Speaking the language of business intelligence with an Australian accent

Wednesday, November 9, 2005

Excel 12, SSRS - More intuitive dates

When a user wants to specify a date, a date range or even select a period relative to today their options have been a bit limited (from a pure MS perspective). Often is will be up to the report developer to design specific date functionality into what the end user will interact with.

One of the commonly-lamented shortcomings of RS2000 was that there was no date-picker available to wrap a date parameter. Sure, if you built your own custom front-end to RS this could be done but not with the out-of-the-box Report Manager. We all know that the date-picker functionality is now in SSRS, and a very welcome addition it is.

So, what about when our user is creating a report in Report Builder. They come across a date field. When developers build models for Report Builder a field with a datetime data type can be manipulated in number of ways and then grouped in the model. For example, the Order Date field; the user is presented with a range of different meta data options pertaining to that specific date field. When initially creating the model the model designer wizard automatically creates a number of different date derivatives when building the initial model (day, month, quarter, year etc.). However if your users have a specific need for a certain format of date meta data you can easily create these with the formula editor in model designer. The left-hand pane of the below image shows an example of pre-defined date derivative fields.
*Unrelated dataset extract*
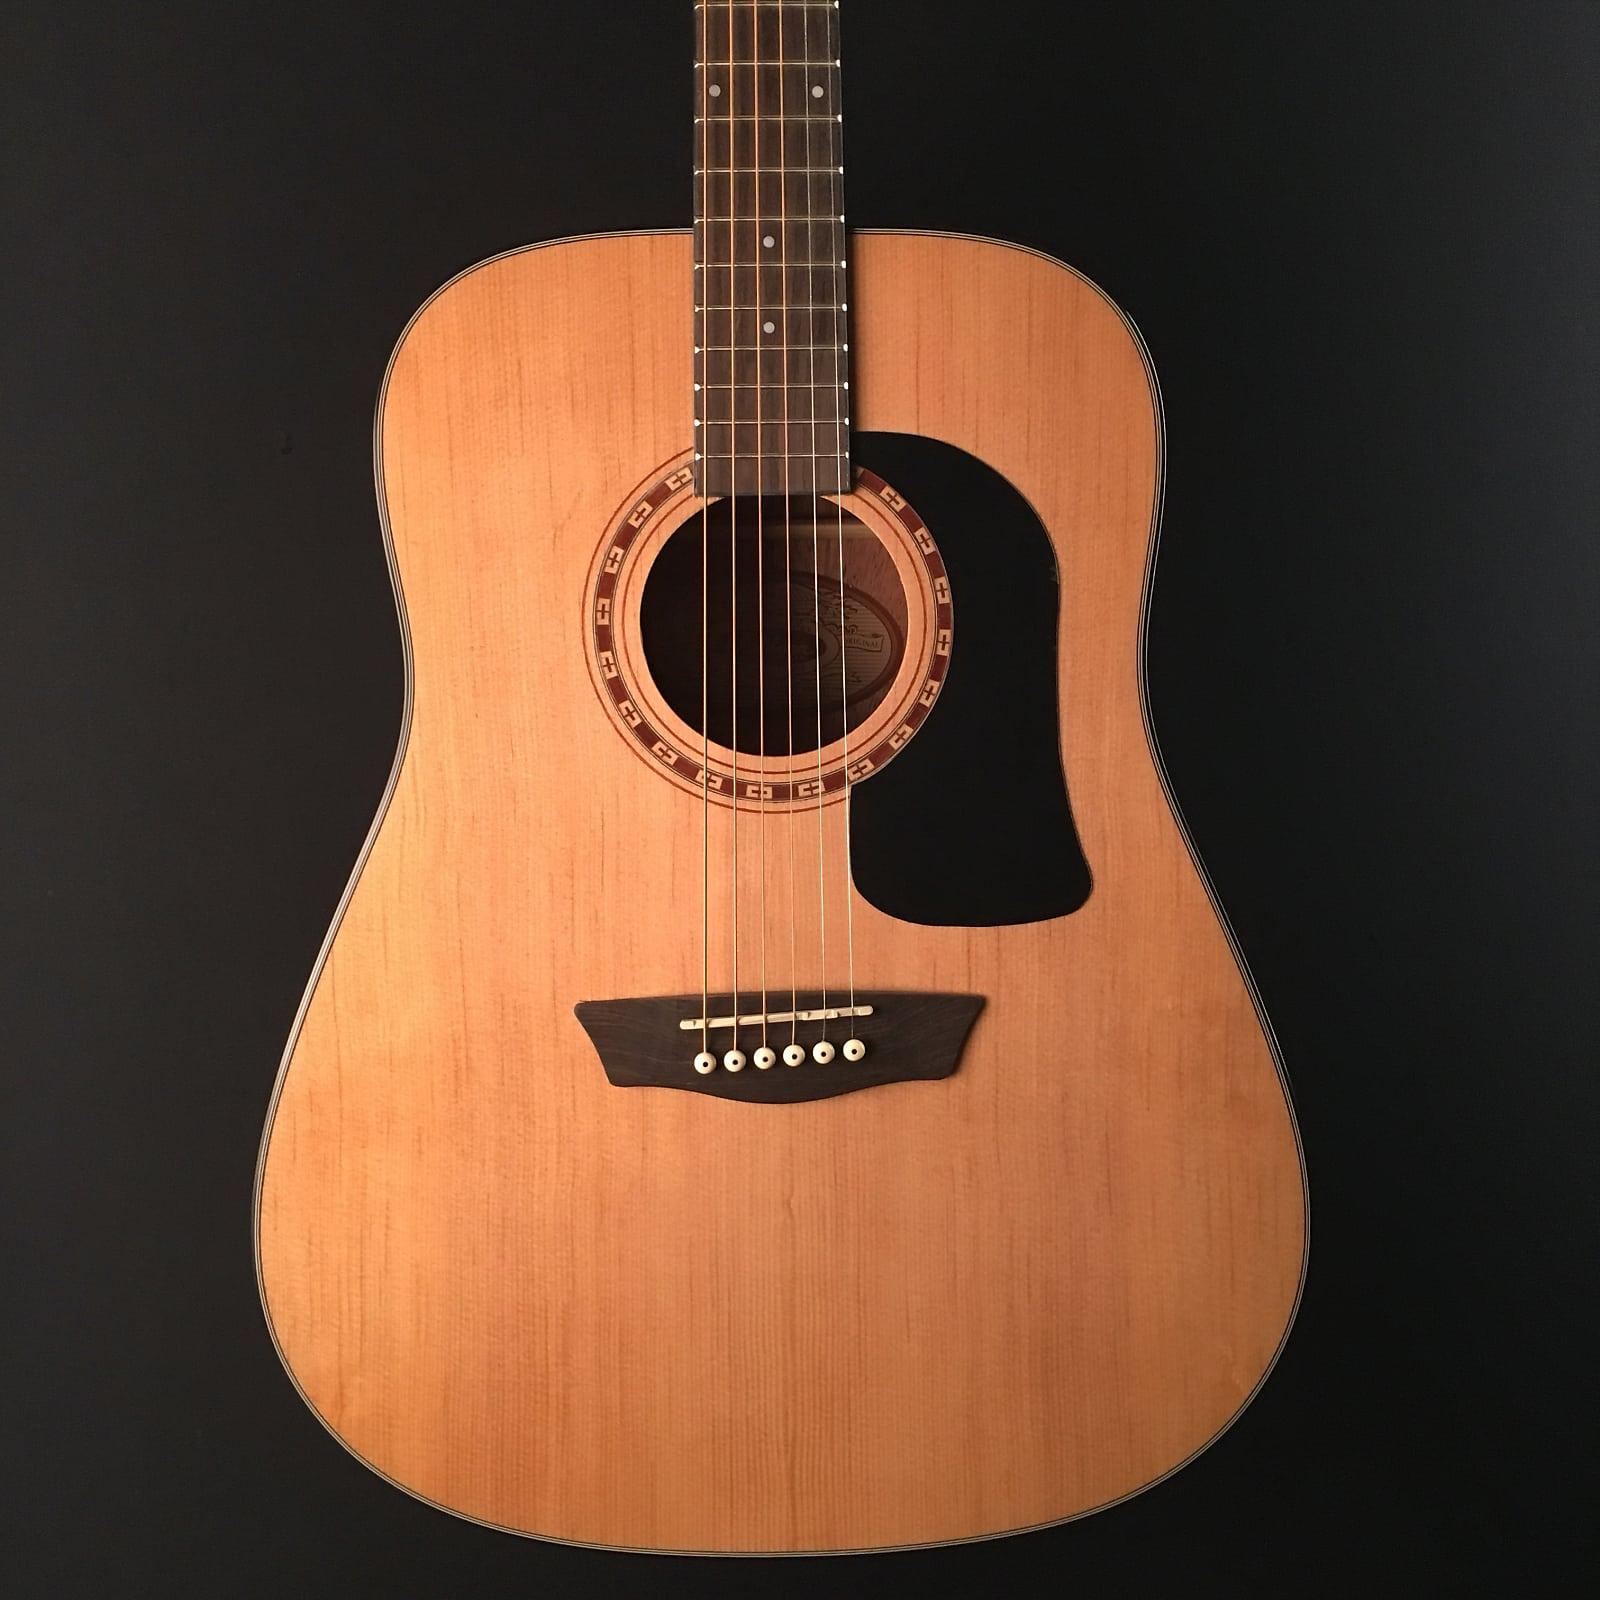 1e8c112371 Washburn AD5K Apprentice 5 Series Dreadnought Acoustic Guitar w ...

There are even more options available if the user wants to add some form of date filtering to their Report Builder report. The above screenshot shows the options a user is presented with when they choose to filter on a date field. Not a bad set of choices, and we don't have to code anything to give them that level of functionality, all we do is provide the date field.

So what about dates in Excel 12? A user's ability to sort and filter data in Excel 12 is going to take a major step up. So, if your user is working with data in an Excel table or PivotTable and would like to do some date-based analysis they will be presented with options like Next Year, Last Week, Yesterday etc (screenshot from Excel 12 Blog) Excel 12 will check the system clock and thereby determine what relative time period actually is.

These types of date manipulation options have certainly been available in various forms in different BI products for some time. This is nothing new or revolutionary from that perspective. However, it shows that MS is really concentrating on giving the BI end user much more power right off the mark without any (or at least a lot less) developer intervention. Great stuff!